Künstliche Intelligenz werde massiv überhöht, sagt Signal-Präsidentin Meredith Whittaker. Ein Gespräch über die Agenda der Silicon-Valley-Konzerne und die gefährlichen Pläne der EU.

Frau Whittaker, zurzeit erscheinen gefühlt im Monatstakt offene Briefe, die vor der Vernichtung der Menschheit durch künstliche Intelligenz, kurz KI, warnen. Die Absender sind Big-Tech-Milliardäre wie Elon Musk oder auch Chat-GPT-Gründer Samuel Altman. Was steckt dahinter?
Der Hype rund um künstliche Intelligenz hat schon religiöse Ausmasse angenommen. Es gibt keine Evidenz dafür, dass KI-Technologien jemals ein Bewusstsein erlangen oder super­intelligent sein werden. Was uns Sorge machen sollte, sind die riesigen Infra­strukturen, die im Besitz dieser Warner sind.

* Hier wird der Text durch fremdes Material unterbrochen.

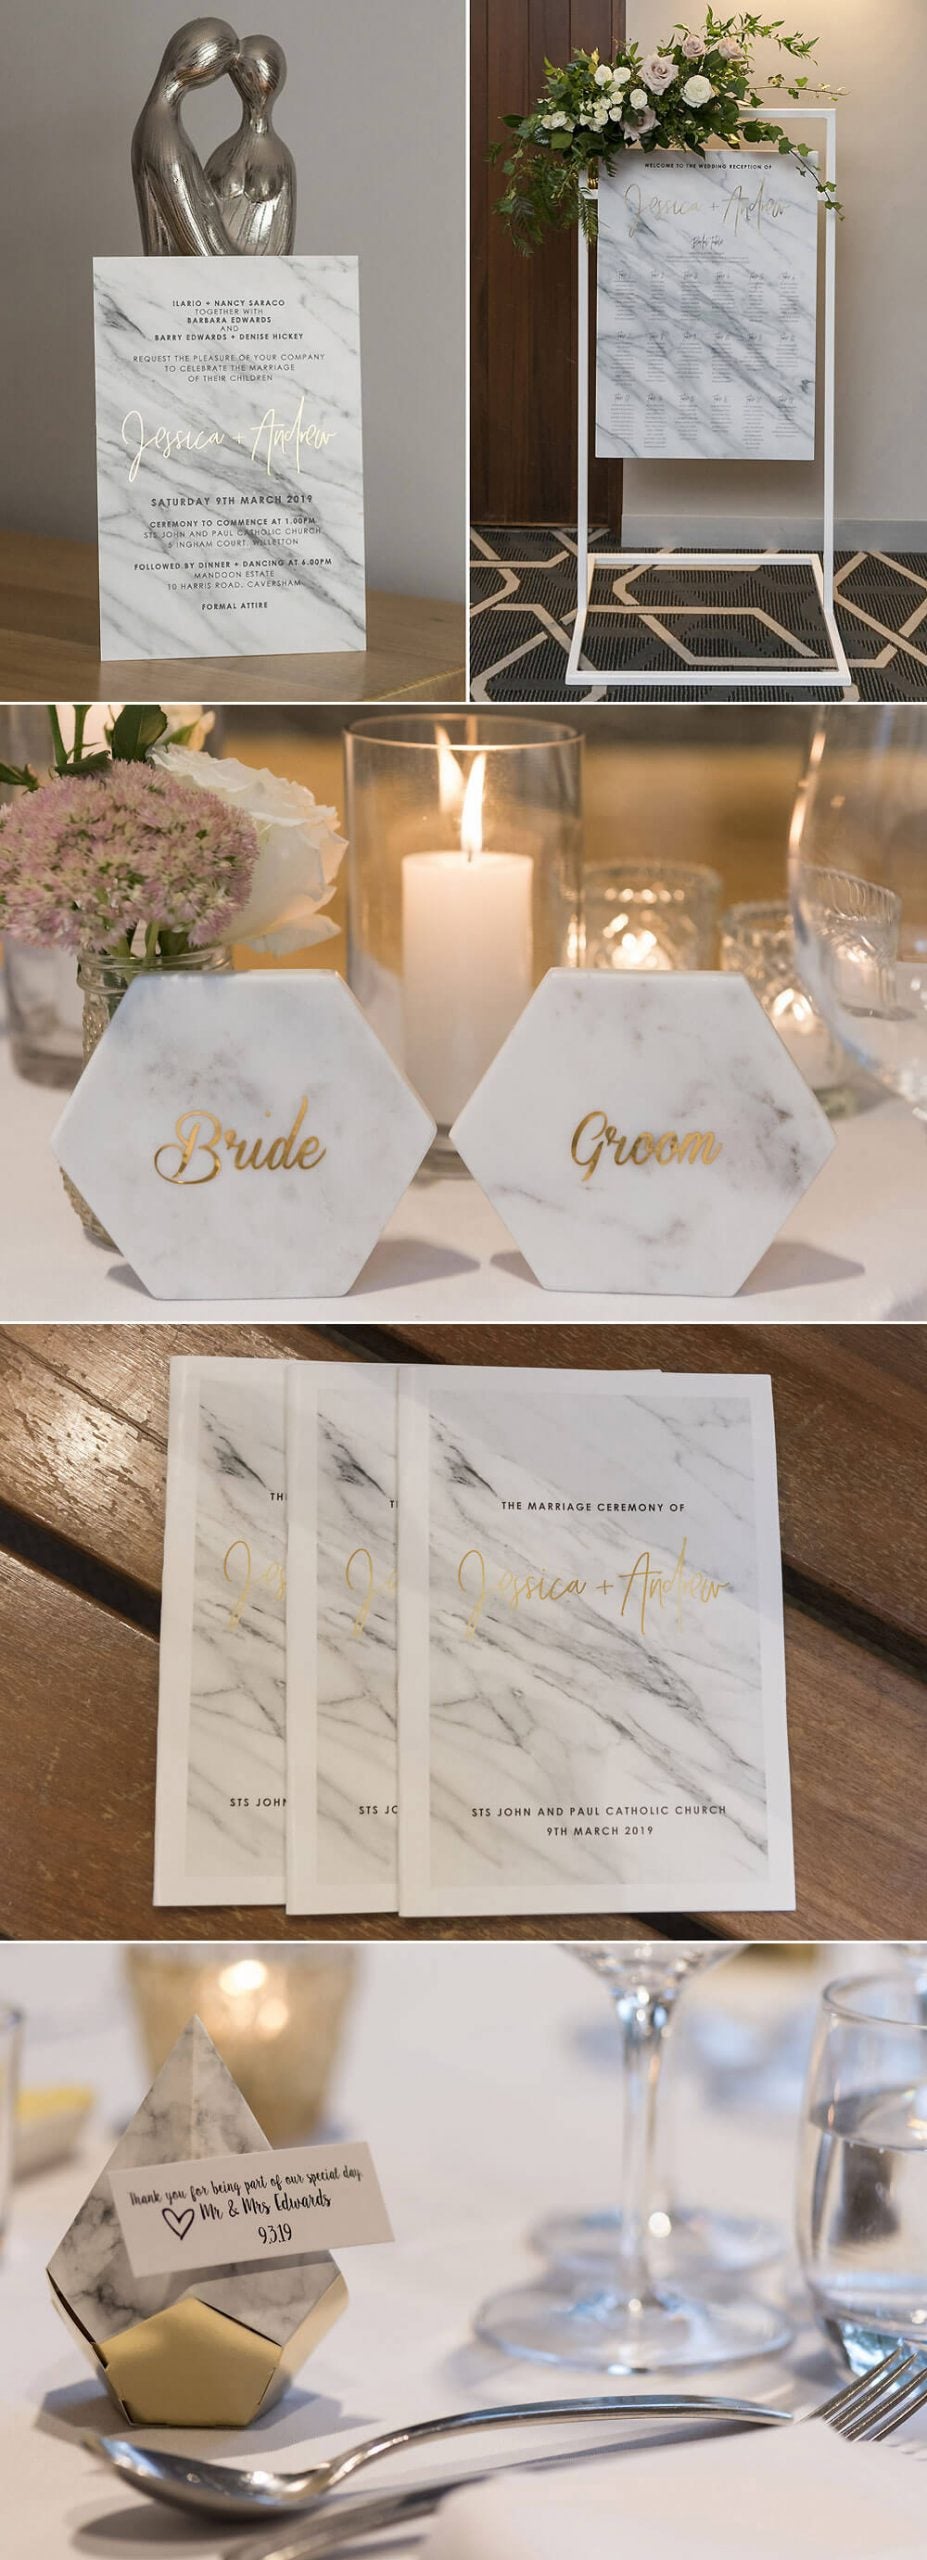 Jessica and Andrew's Wedding Stationery

Wie wurde das möglich, dass wenige Tech-Unternehmen solche massiven Infra­strukturen bauen konnten?
Diese Entwicklung begann bereits in den 1990er-Jahren. Damals beauftragte die Clinton-Regierung Expertinnen mit der Bewertung von Risiken und Chancen der vernetzten Daten­infrastruktur. Doch statt auf die eigenen Experten zu hören, verfiel die Clinton-Administration dem neoliberalen Glauben, dass man die Besitzer dieser Technologien einfach gewähren lassen soll. Hightech sei Balsam für eine kränkelnde Wirtschaft. Und dadurch konnte sich auch der Überwachungs­kapitalismus ungehindert entfalten. Heute gibt es also einige wenige Big-Tech-Firmen mit riesigen Server-Infrastrukturen, enorm hohen Datenspeicher­kapazitäten und vielen Milliarden Nutzerinnen­daten, mit denen dann simpel gesagt statistische Modelle erstellt werden. Die Macht- und Besitz­frage ist die eigentliche Frage, die gestellt werden muss.

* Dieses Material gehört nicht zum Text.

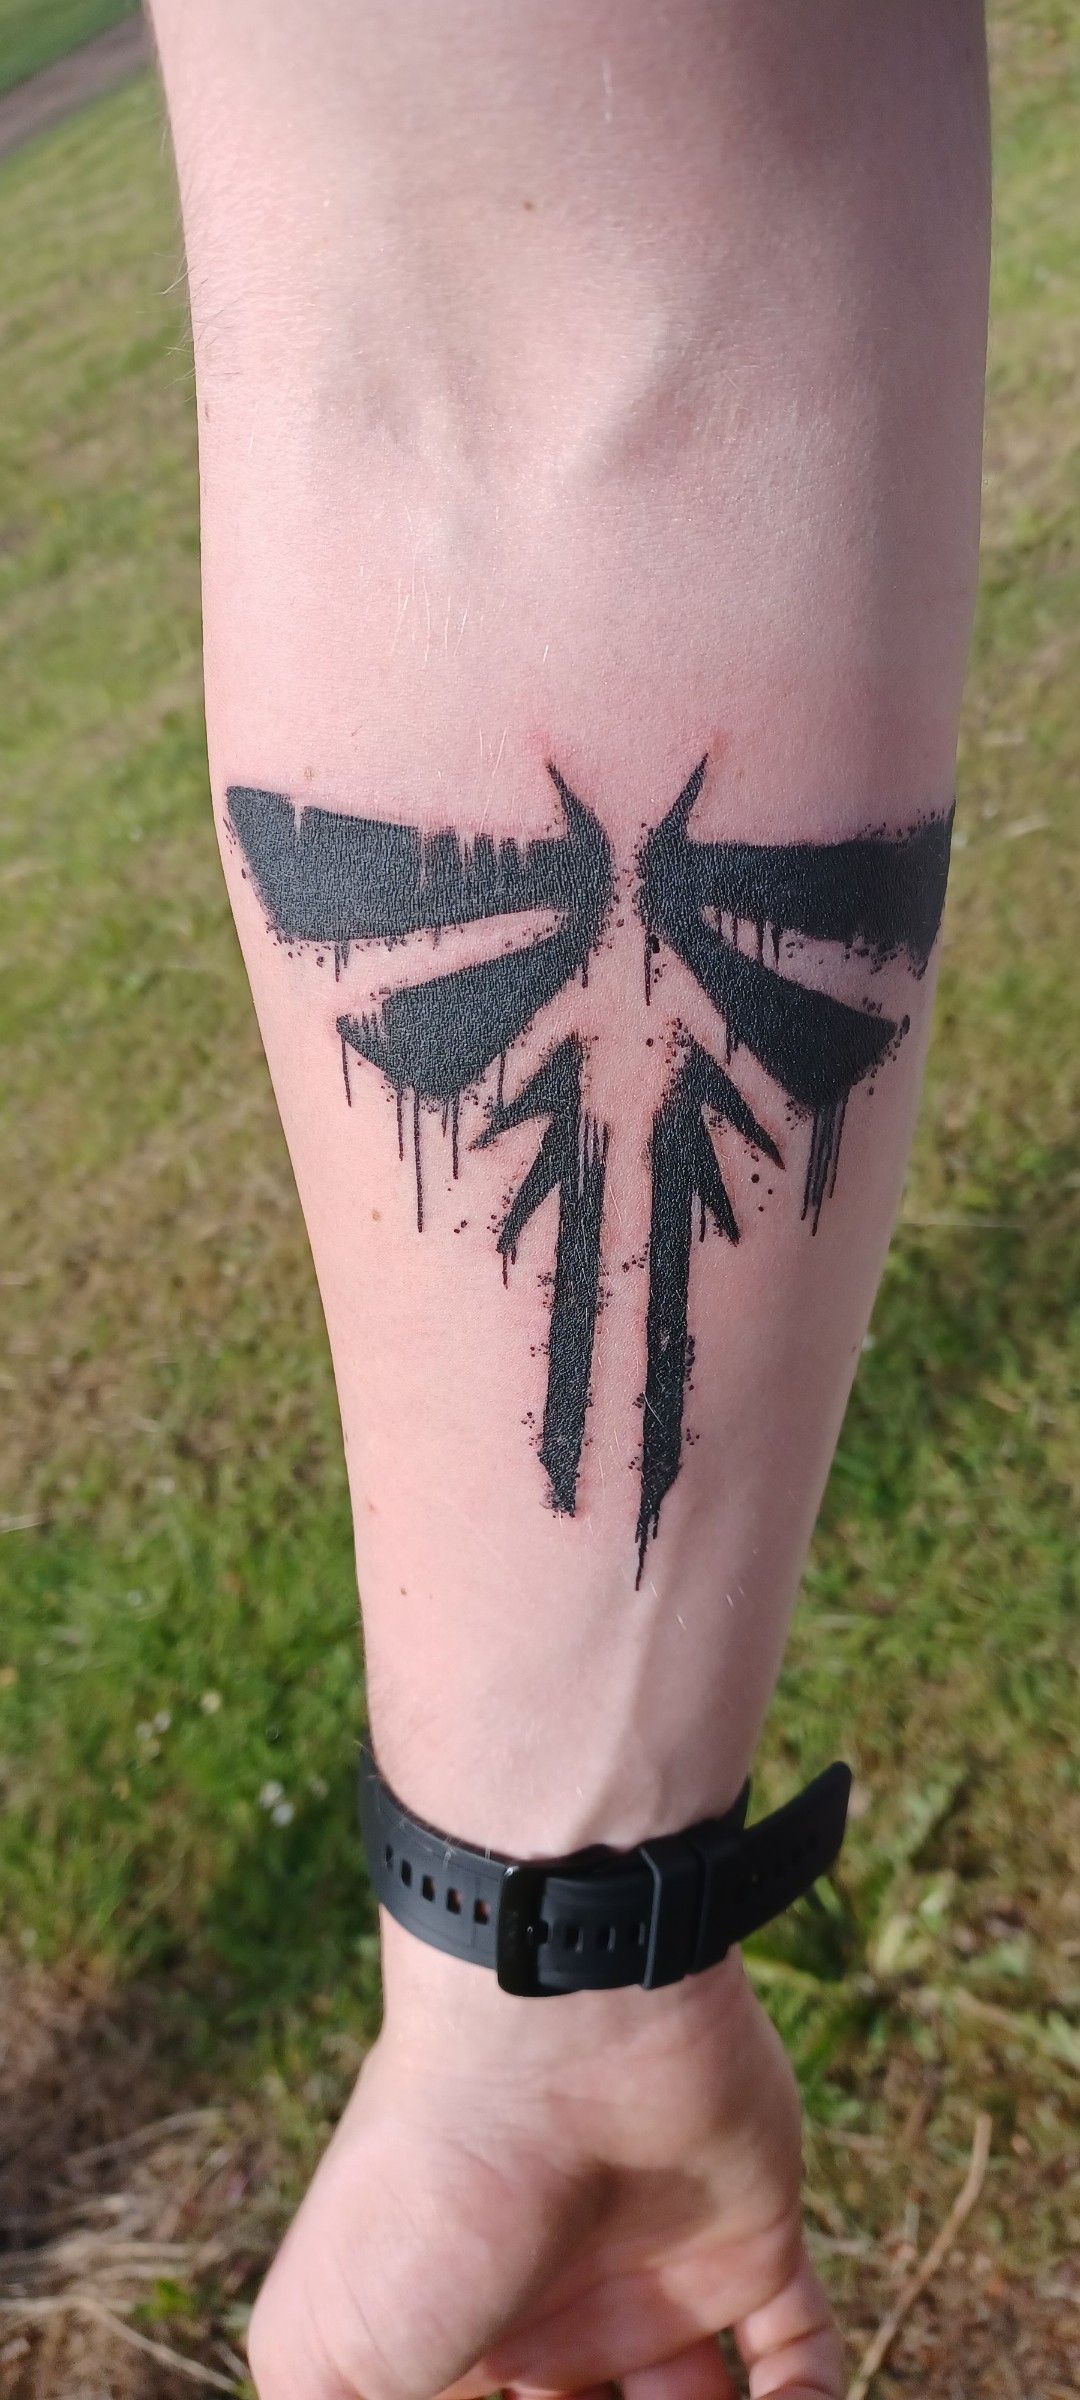 My TLOU2 tattoo! (I also have a Firefly one but you know what that

Sie sagten in einer Rede an der Digital­konferenz «re:publica» in Berlin: Wer an den KI-Hype glaube, mache die Mächtigen noch mächtiger. Allein schon die wiederholte Erzählung dieses Mythos entfalte seine Wirkung.
Wir dürfen ja alle ruhig an etwas glauben, für das es keine Beweise gibt. Doch wir müssen uns bewusst sein, dass es Akteure gibt, die enorm von diesen Narrativen profitieren. Wer also diesem KI-Hype verfällt, stärkt die infrastrukturelle Macht der Big-Tech-Chefs. Nochmals: Wir reden hier über geballte unternehmerische und wirtschaftliche Power. Es geht um die Nutzung grosser Daten­mengen und um die Entwicklung statistischer Modelle, die Entscheidungen über uns und unsere Welt treffen sollen. Und dies soll ohne jede Rechenschafts­pflicht gegenüber der Bevölkerung geschehen. Zum Nutzen dieser Profiteure – und nicht im Dienste des Gemeinwohls. Das ist die wirkliche Gefahr, die wir im Auge behalten müssen. Für den Rest gibt es keine Evidenz.

Zur Person

Meredith Whittaker ist eine renommierte Expertin für ethische Fragen rund um den Datenschutz und künstliche Intelligenz. Sie ist seit vergangenem Jahr Präsidentin der Stiftung Signal, die die gleichnamige populäre Messenger-App anbietet. Davor arbeitete sie von 2006 bis 2019 bei Google, wo sie die Google Open Research Group gründete. Sie war treibende Kraft hinter den Protesten von Google-Mitarbeiterinnen gegen Diskriminierung am Arbeitsplatz, Überwachung und militärische Projekte des Konzerns.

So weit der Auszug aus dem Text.